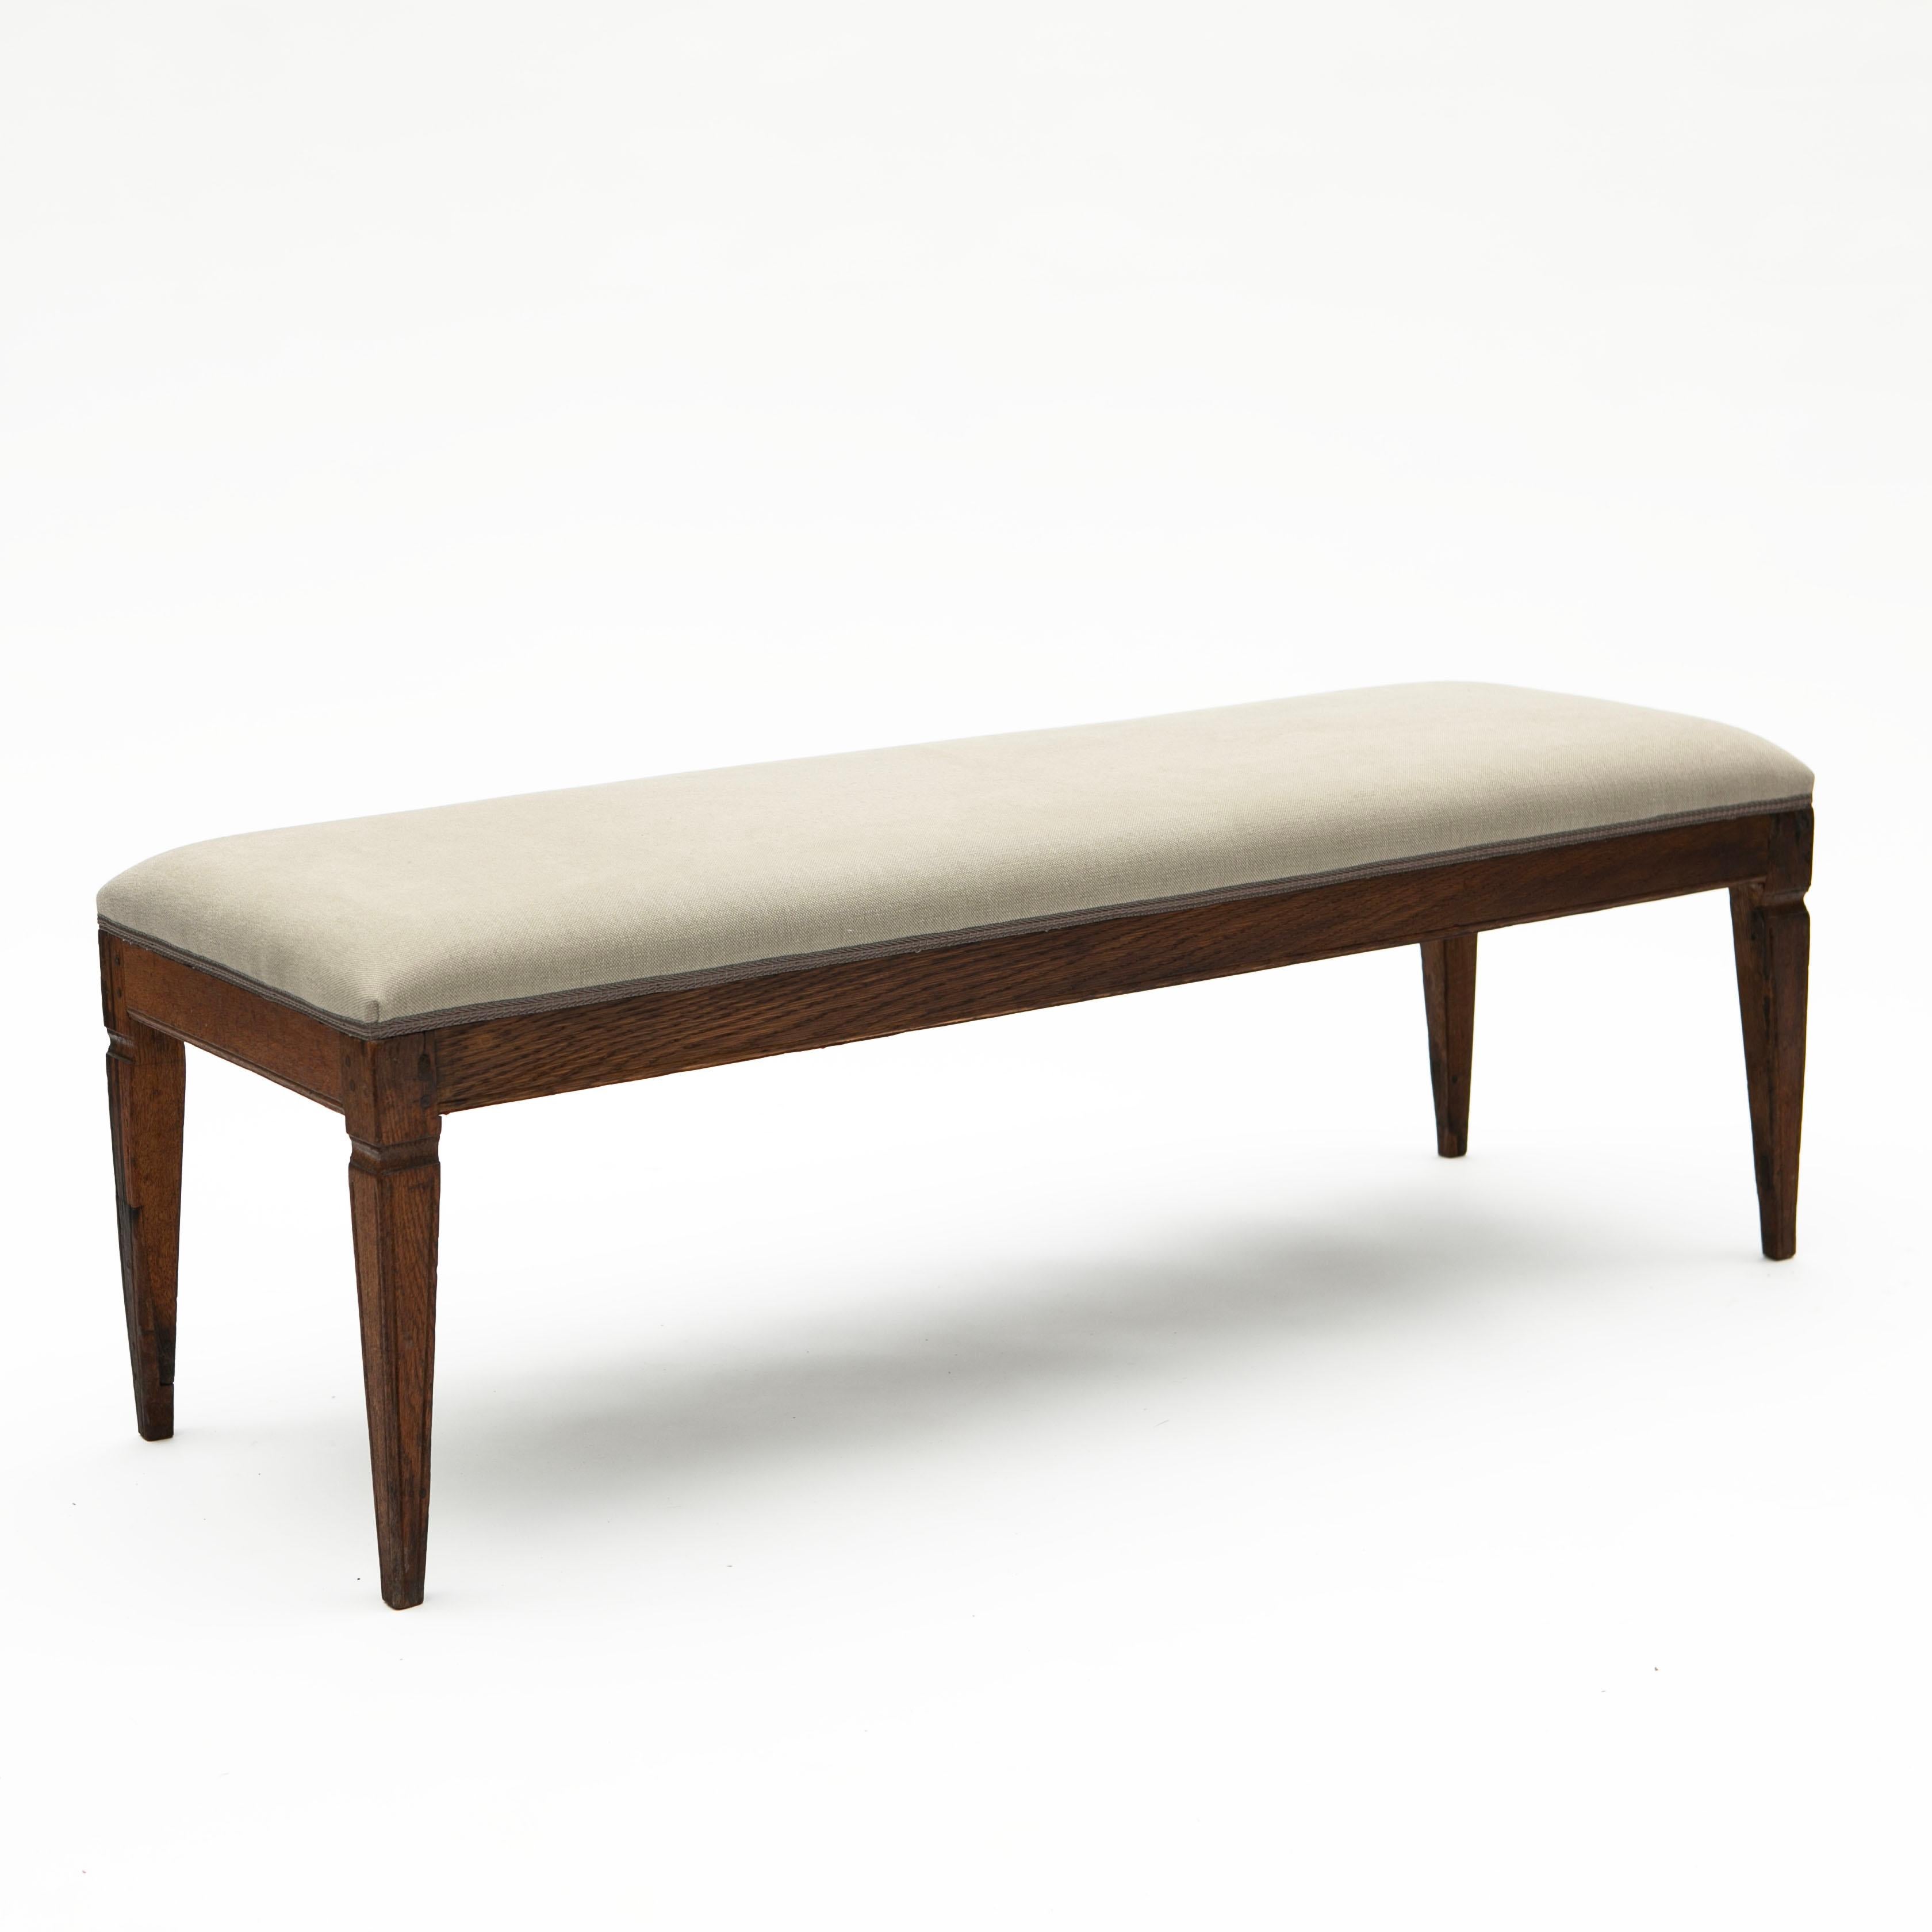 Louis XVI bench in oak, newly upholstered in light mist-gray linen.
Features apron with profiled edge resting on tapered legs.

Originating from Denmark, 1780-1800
==
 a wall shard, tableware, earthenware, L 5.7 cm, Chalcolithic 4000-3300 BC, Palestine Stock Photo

## Problem description
Where the data above reaches the line holding "Features apron with", begin printing, and stop after the line holding "Originating from Denmark, 1780-1800". Each line must be reproduced exactly, with nothing else added.

## Output for this exercise
Features apron with profiled edge resting on tapered legs.

Originating from Denmark, 1780-1800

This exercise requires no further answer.